• Exercise data:
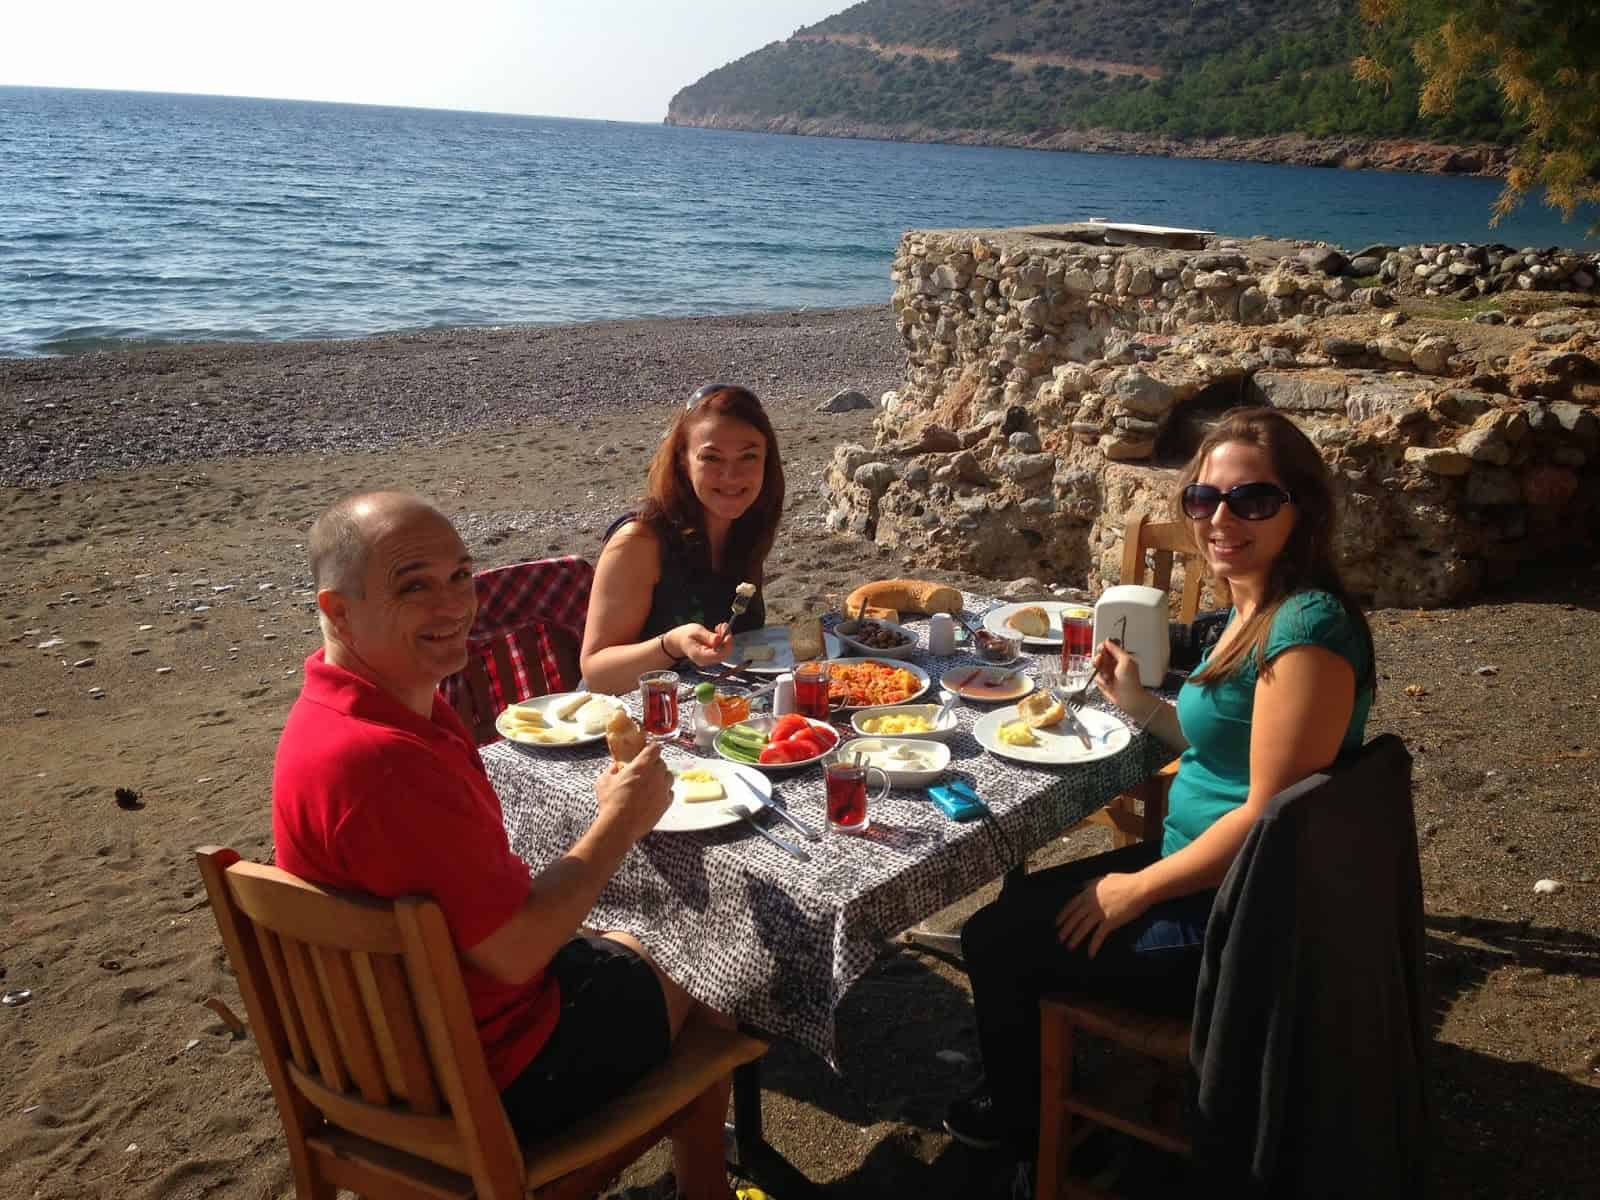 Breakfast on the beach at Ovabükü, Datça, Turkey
* * *
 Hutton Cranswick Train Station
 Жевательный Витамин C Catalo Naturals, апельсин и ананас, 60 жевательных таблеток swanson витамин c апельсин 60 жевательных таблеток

• Exercise aim: From the entries above, print the lines beginning at the one with "Hutton Cranswick Train Station" and stopping after the one with "Жевательный Витамин C", exactly as written and with nothing else.

• Your solution:
 Hutton Cranswick Train Station
 Жевательный Витамин C Catalo Naturals, апельсин и ананас, 60 жевательных таблеток swanson витамин c апельсин 60 жевательных таблеток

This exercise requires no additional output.